V-belts are quite common within the industry and in various items of machinery and are quite adaptable to many applications. Typically, V-belt drives operate best at speeds between 8 and 30 m/s (1,500~6,000 ft/min). V-belt drives permit large speed ratios, are easily installed and removed, quiet, and low maintenance.


Pulleys and belts have two uses: to transfer power from one shaft to another and to increase or reduce speed or torque. This is done by using pulleys of different pitch diameters. The pitch diameter of a pulley is not the outside diameter, nor is it the inside diameter. In fact, the pitch diameter is very difficult to measure directly. If you cut a belt and look at the end, you'll see a row of fibers or cords near the outside surface. This is the tension carrying part of the belt - the rest of the belt exists only to transfer the forces from the pulley to and from these cords. The pitch diameter of any pulley is measured at these cords. Note that the pitch diameter of a pulley depends not just on the pulley itself, but also on the width of the belt. e.g. A wider belt on a narrower pulley will ride higher than usual in the groove increasing the effective pitch diameter.

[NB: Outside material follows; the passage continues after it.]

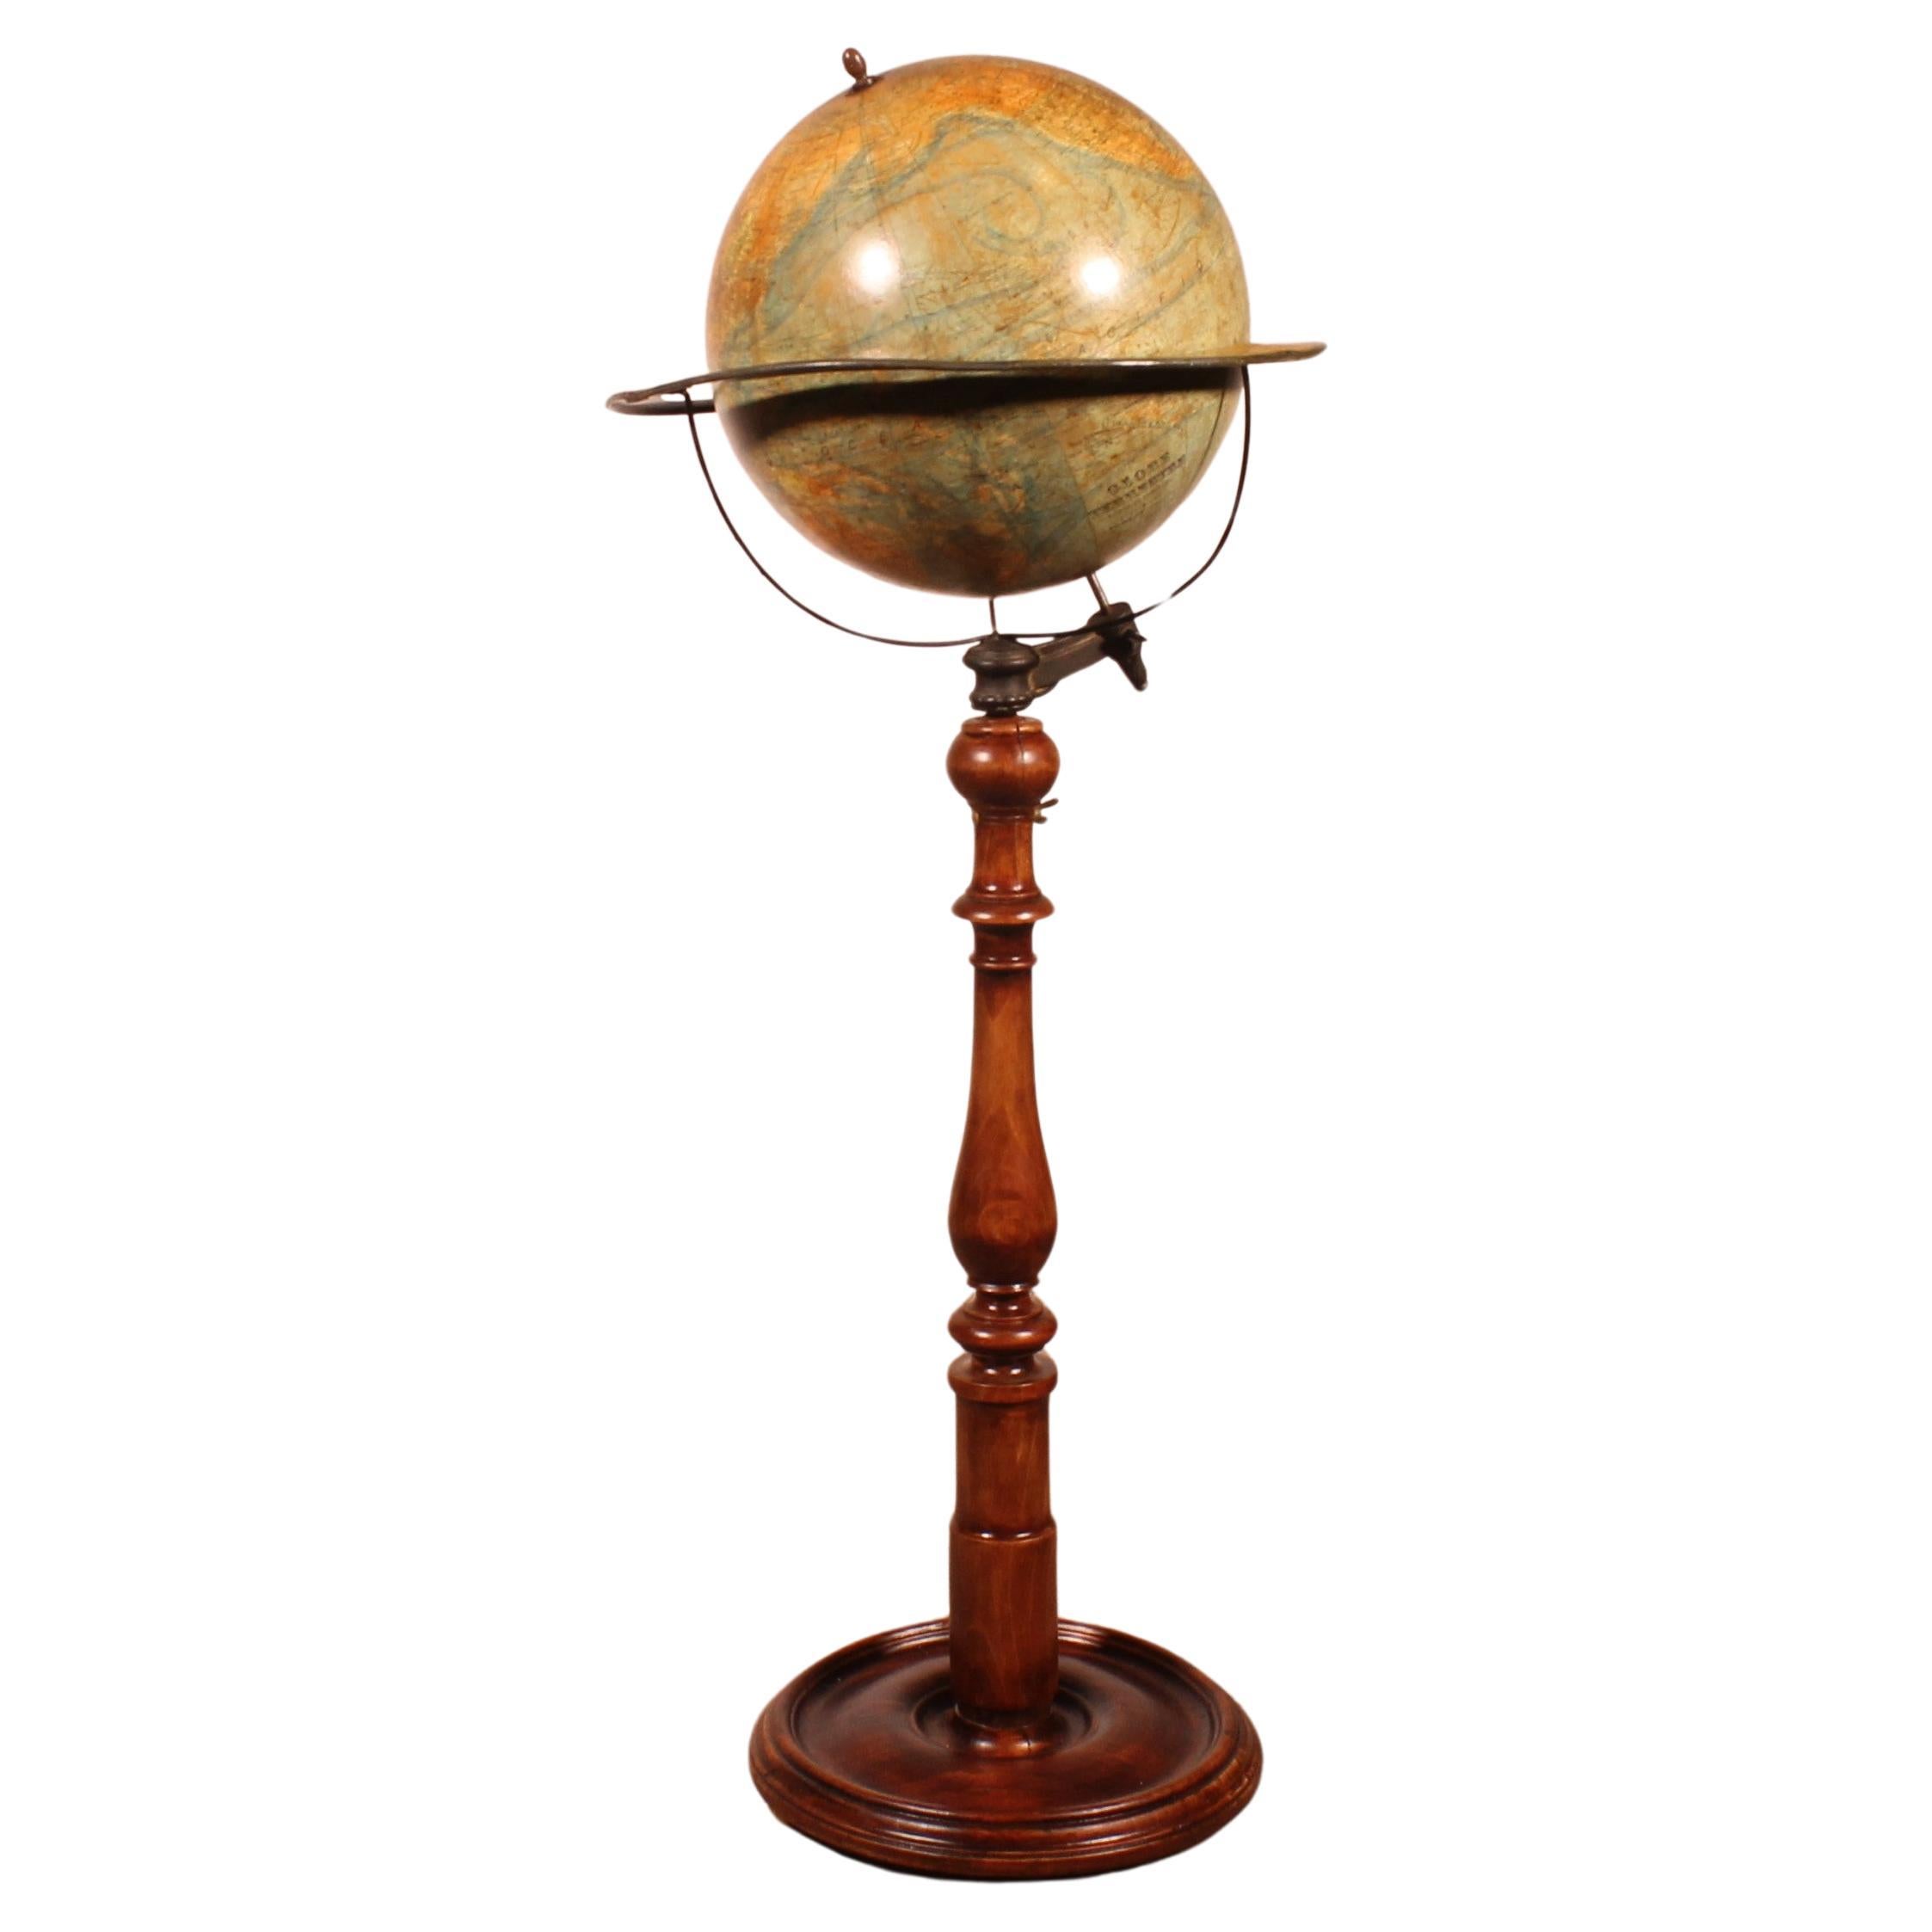 A Library Terrestrial Globe On Stand From J.forest Paris From The 19th Century

While they transfer torque effectively, they lose a bit of speed as the belt stretches under load. Sometimes there is a slip of the belt on the pulleys, but in a properly set up transmission, there should be no slip. The tension of the belt should be sufficient to prevent slip. There is a creep, however, but creep, not to be confused with slip, is due to belt elements changing length as they travel around the pulleys, and since the pulley is rigid then there must be relative motion between belt element and pulley. This is normal operation and expected.

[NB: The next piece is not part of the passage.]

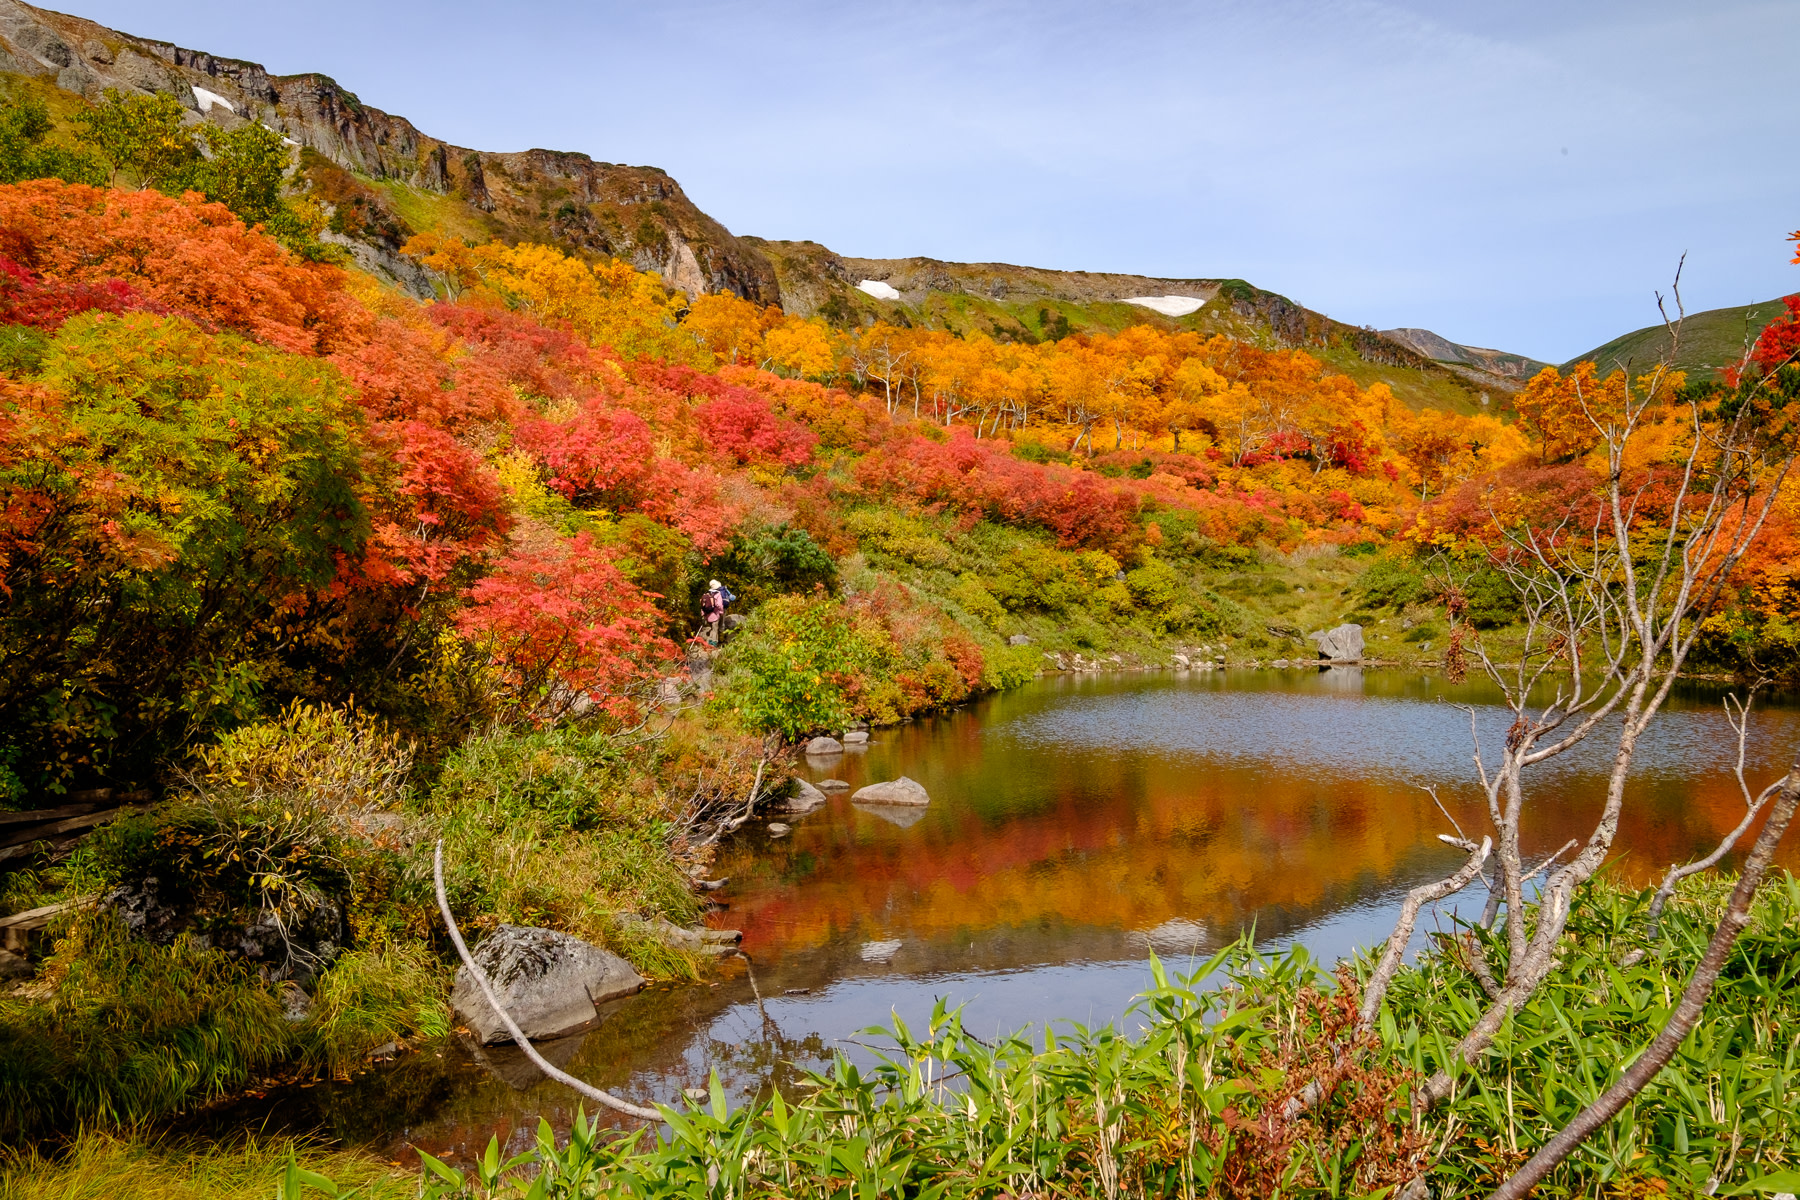 A dazzling display of autumn colors at Kogen Numa in Daisetsuzan National Park.

In most applications, the pulleys are different effective diameters and the driving speed is different from the output speed. It is the pitch diameter of each of the pulleys which determine the drive ratio. Note that pulleys no not affect power, when they increase torque, speed reduces, and vice versa.

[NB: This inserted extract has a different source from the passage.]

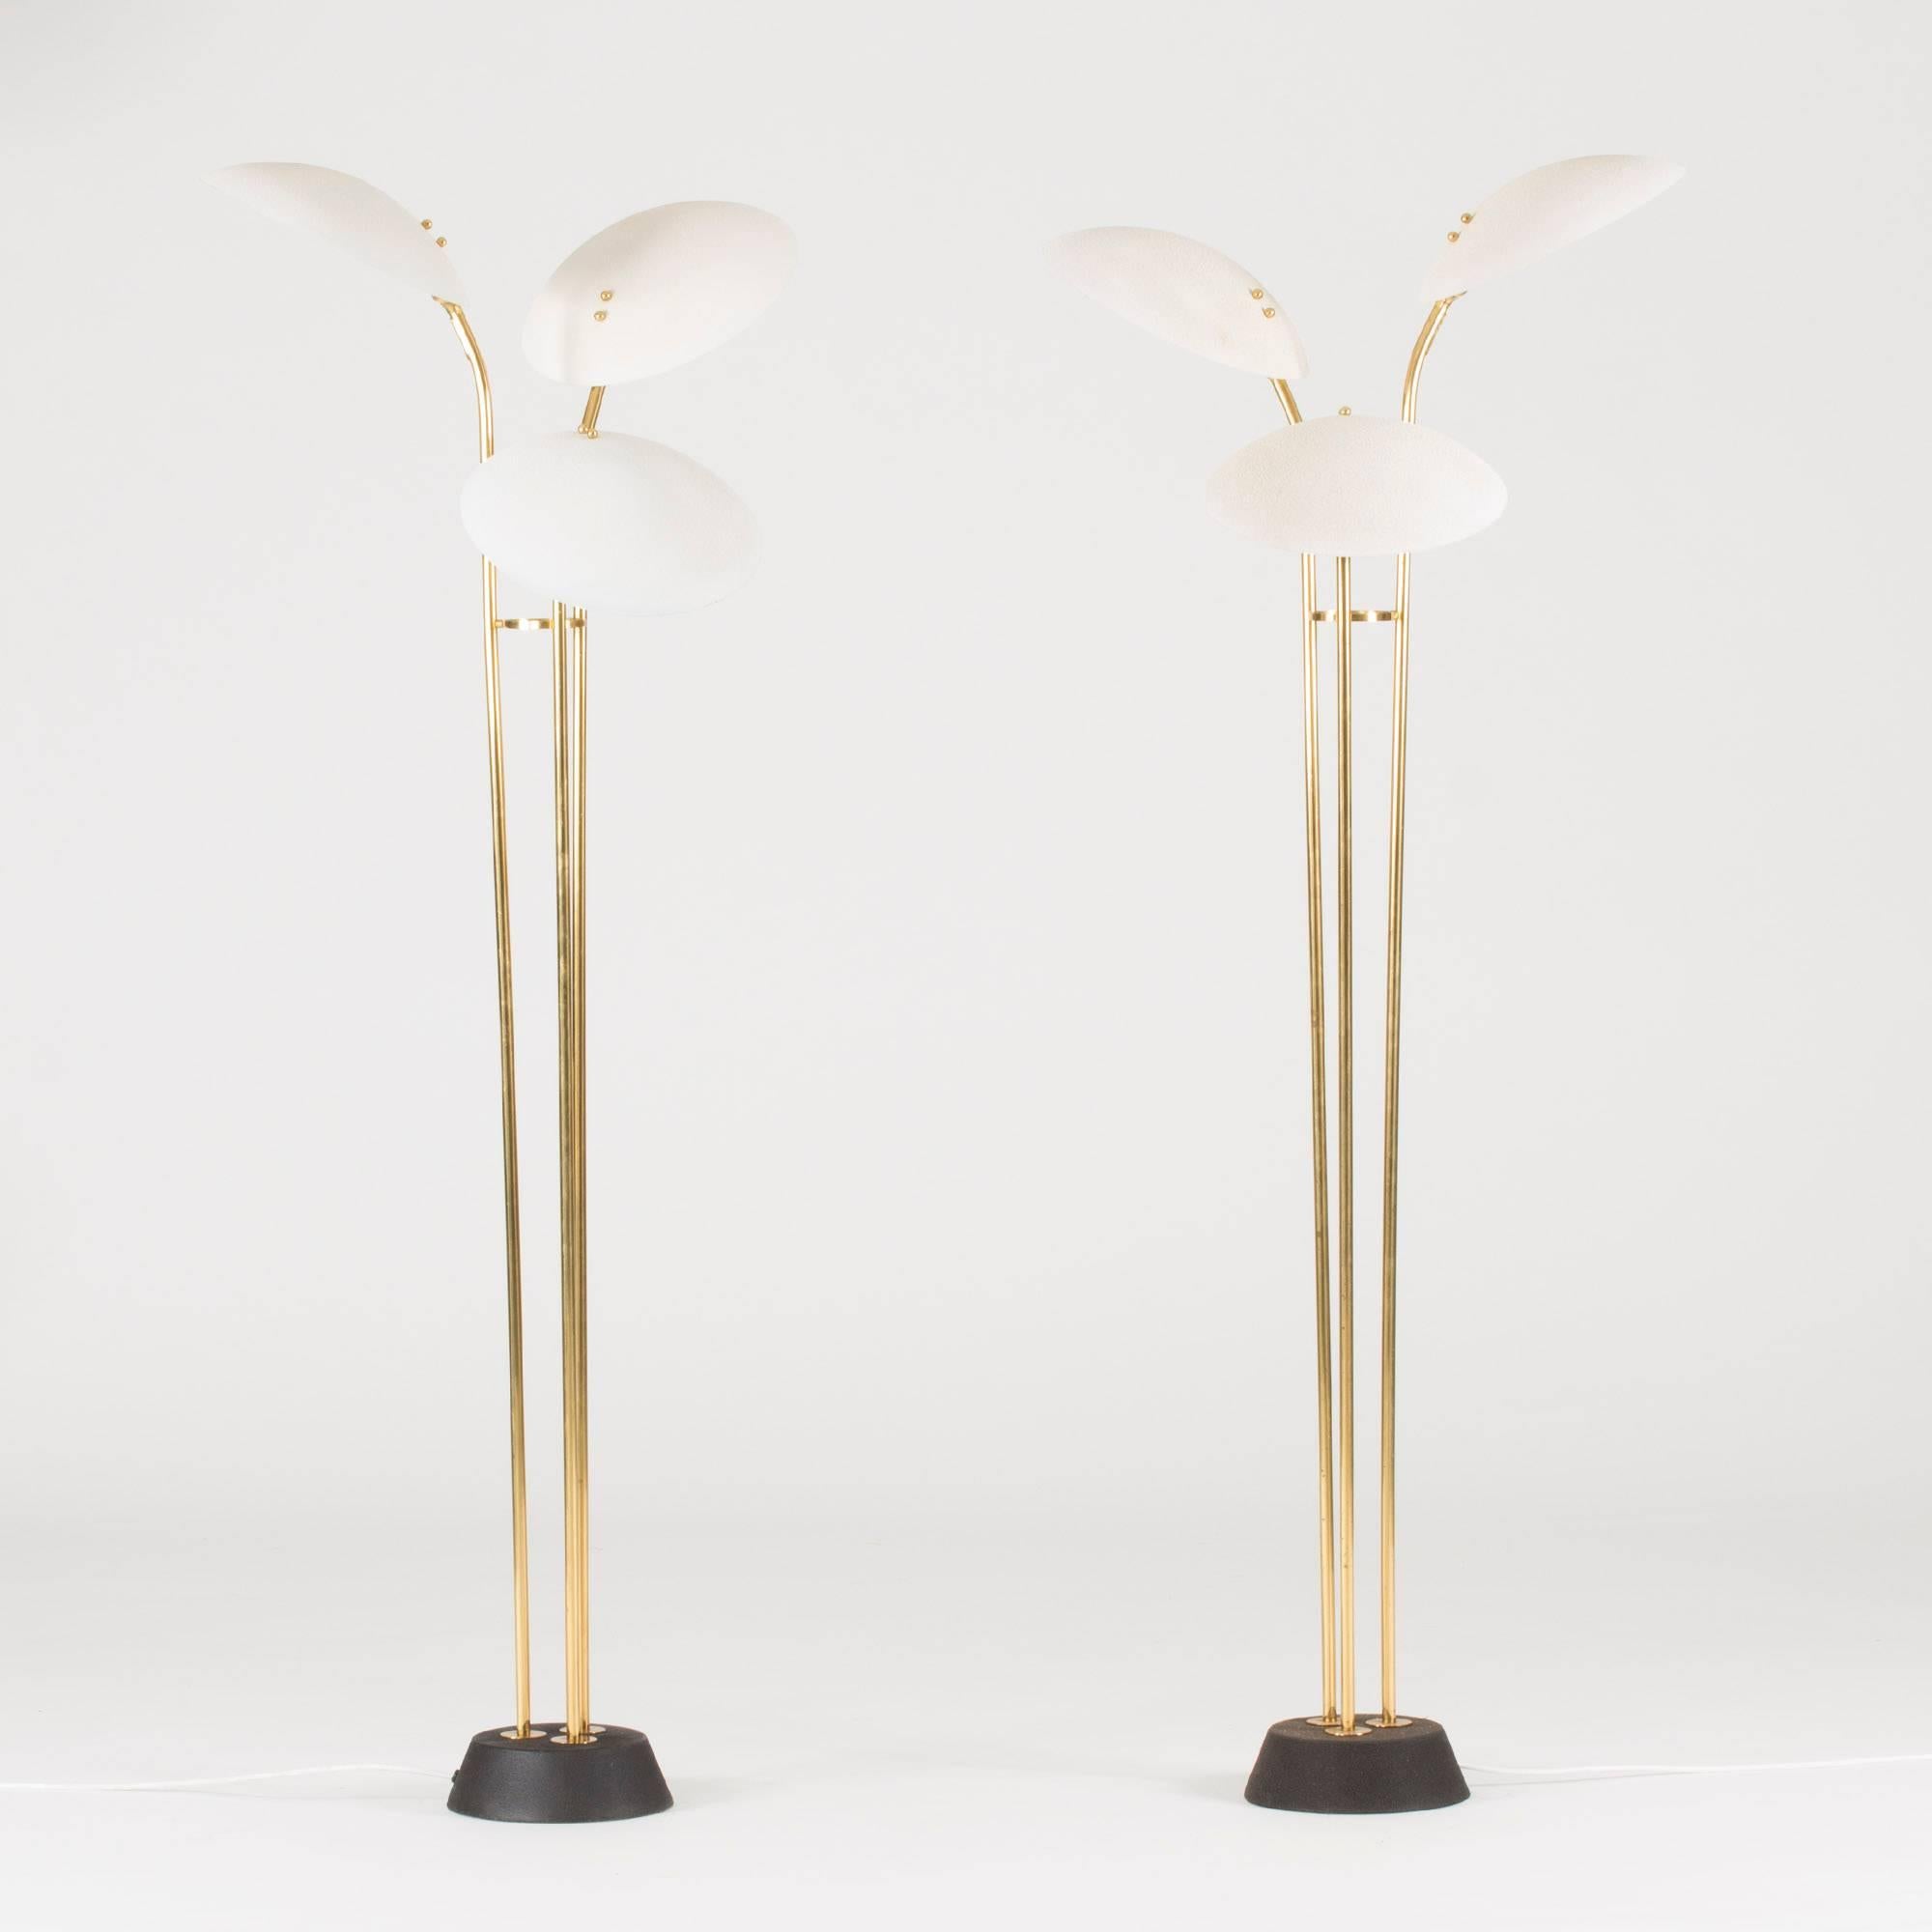 Pair of amazing brass floor lamps from Malmö Metallvarufabrik. Each lamp has three white lacquered circular shades decorated with little brass balls that hide the screws. Black lacquer on the bases.

The general geometry of a V-belt drive and the typical cross-section of belt and pulley are shown below:-

The driving side pulley (connected to the power source) and pitch diameter D1 is at the left and rotates counter-clockwise at speed n1. The driven pulley has a pitch diameter of D2 and rotates at speed n2. The wrap angle of the belt on the pulleys is θ1 and θ2. Note that there is a 'tight' side and a 'slack' side to the belt when it is transmitting power, and the difference in the tension between these 2 sides is proportional to the amount of power transferred. Power is typically transferred with the tight side at the bottom. Note however that there must be a static tension in the belt, even when stationary, to provide sufficient friction for the pulley to drive the belt and not slip, and this tension is the same value top and bottom at rest.

The size of a pulley is indicated by its pitch diameter (D), which slightly smaller than the outside measured diameter. The center distance between the shafts is indicated as C in the diagram.